To do
Below is a listing with pictures. Repeat exactly the lines starting at the one holding "Салон электрического автобуса" and going on through the one holding "Davos (World Economic Forum 2011)", and leave every picture out.

Data for the task

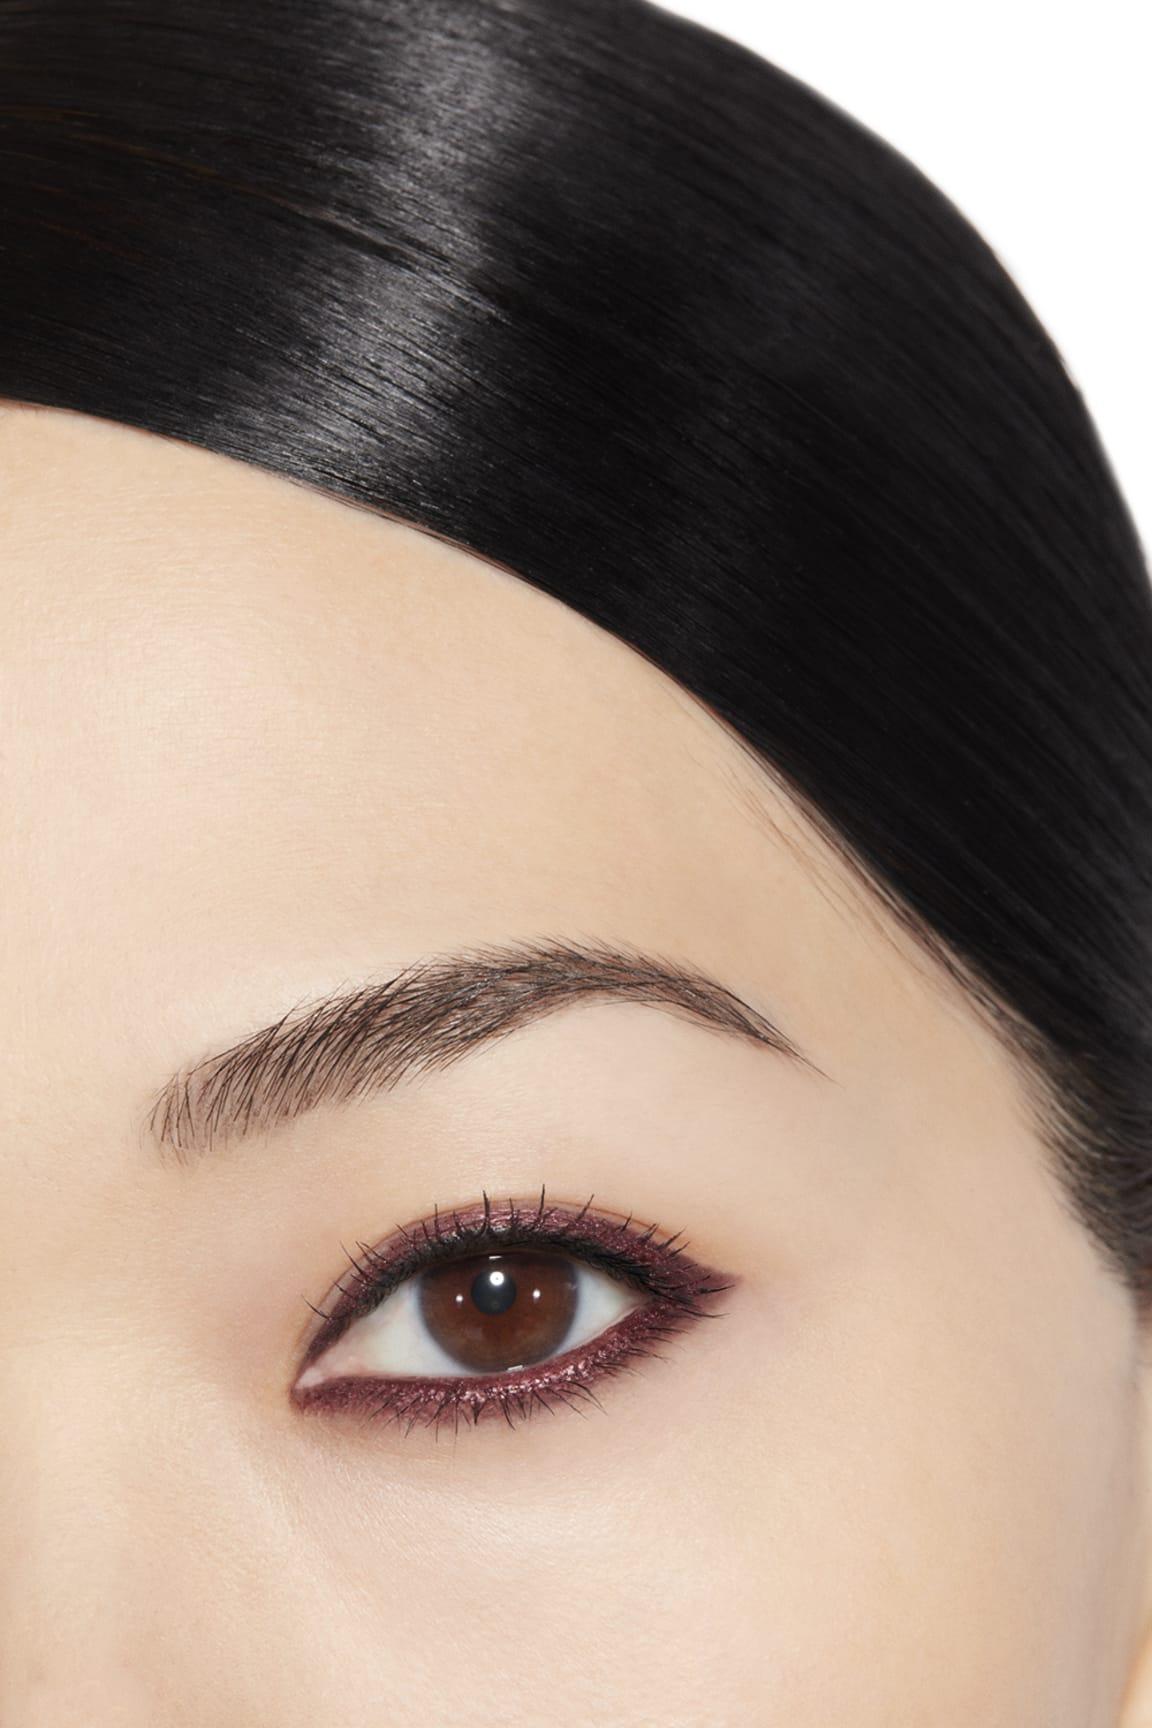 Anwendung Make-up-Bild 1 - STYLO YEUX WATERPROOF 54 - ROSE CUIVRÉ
==
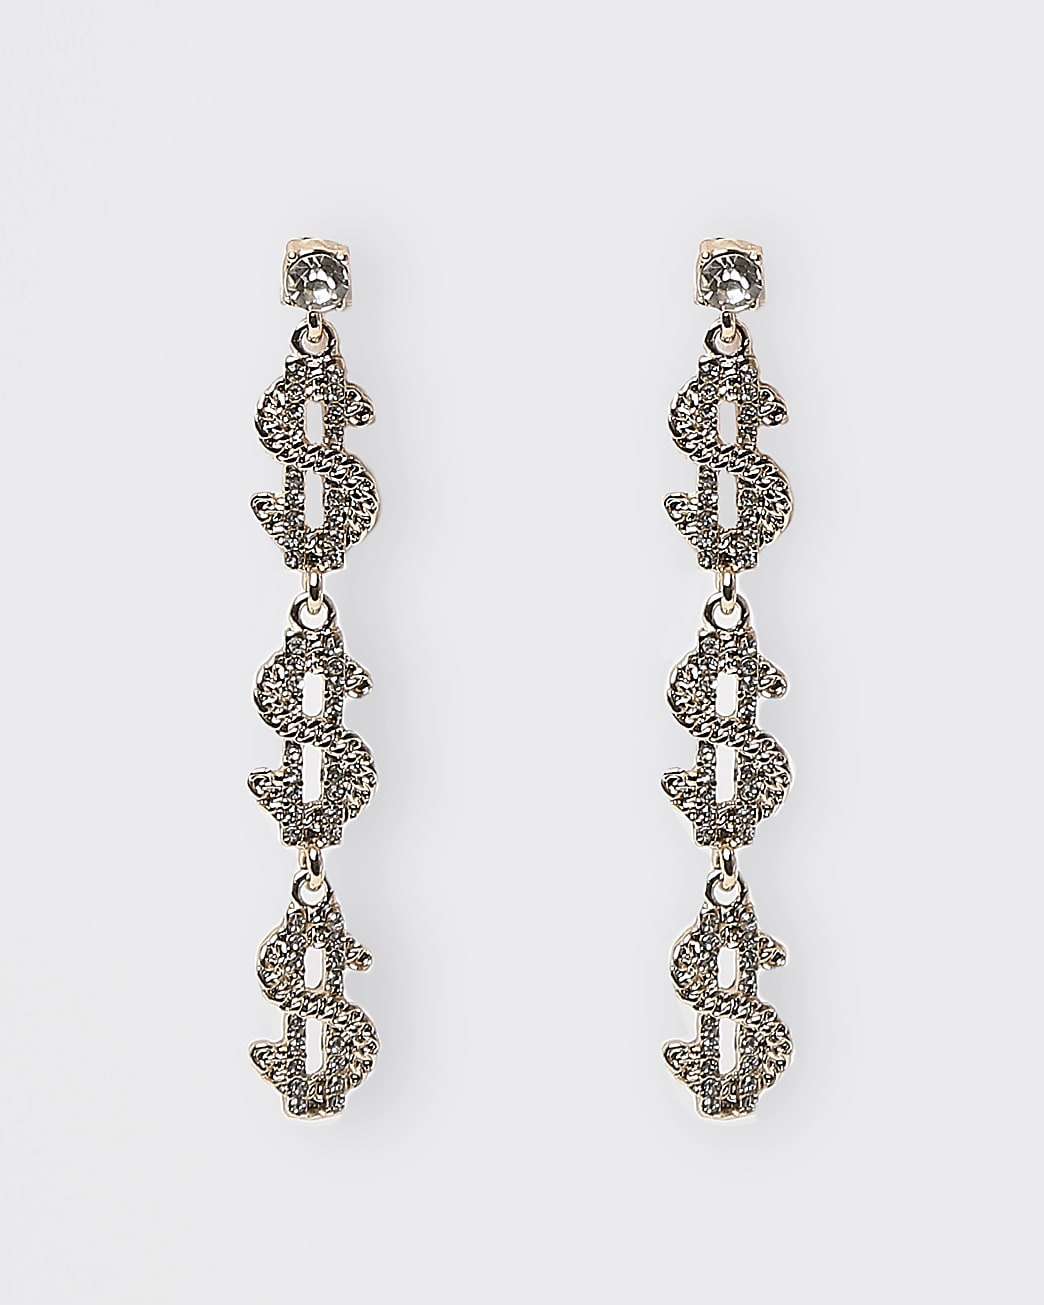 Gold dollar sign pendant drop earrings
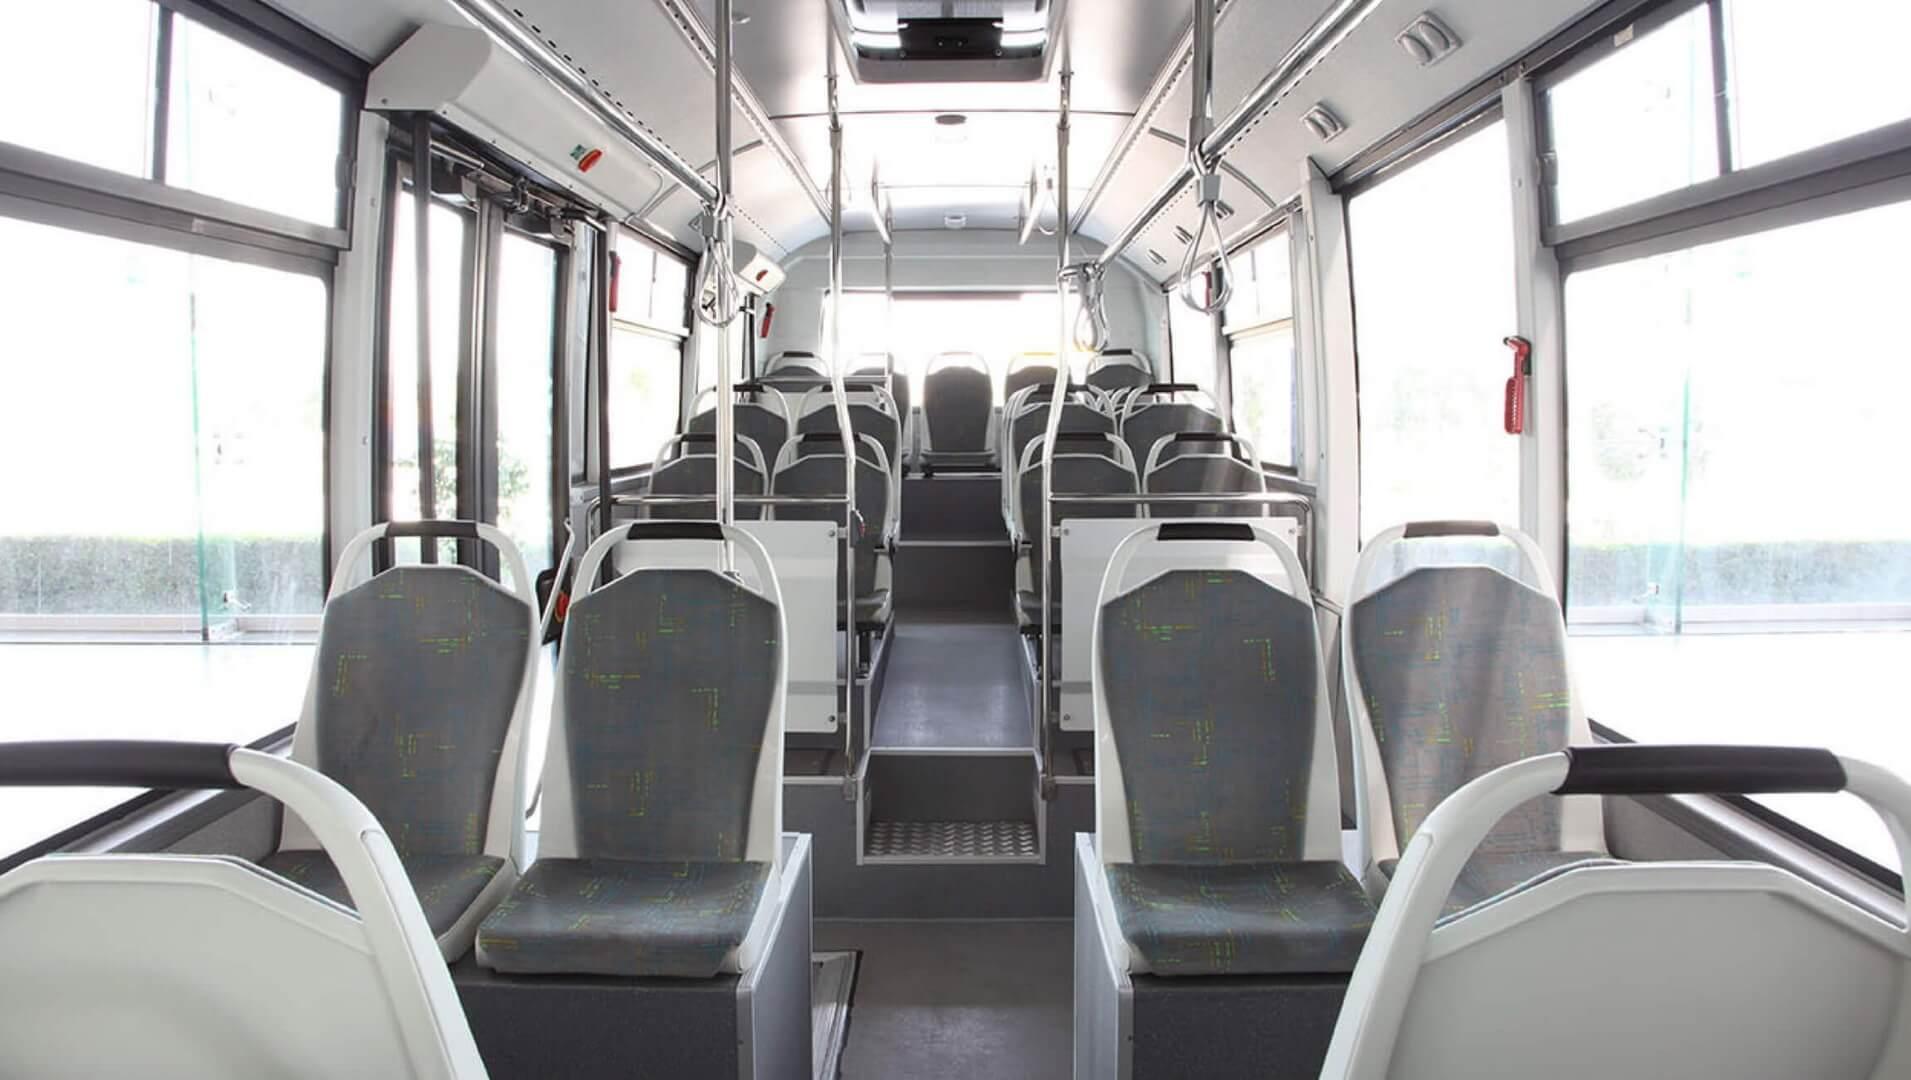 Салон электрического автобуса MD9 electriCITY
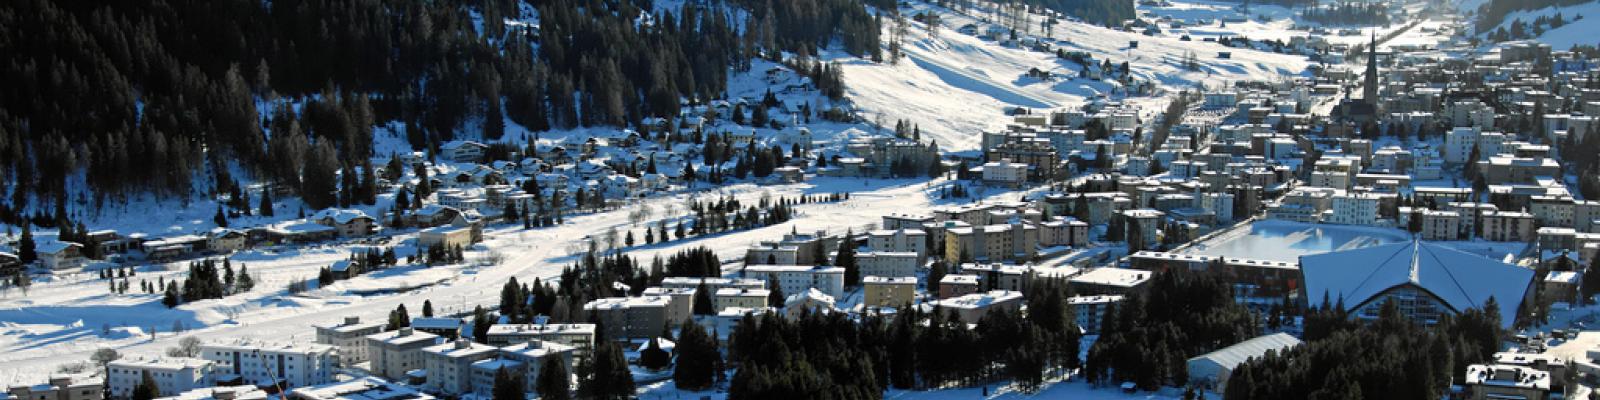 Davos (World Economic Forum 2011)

Exercise solution
 Салон электрического автобуса MD9 electriCITY
 Davos (World Economic Forum 2011)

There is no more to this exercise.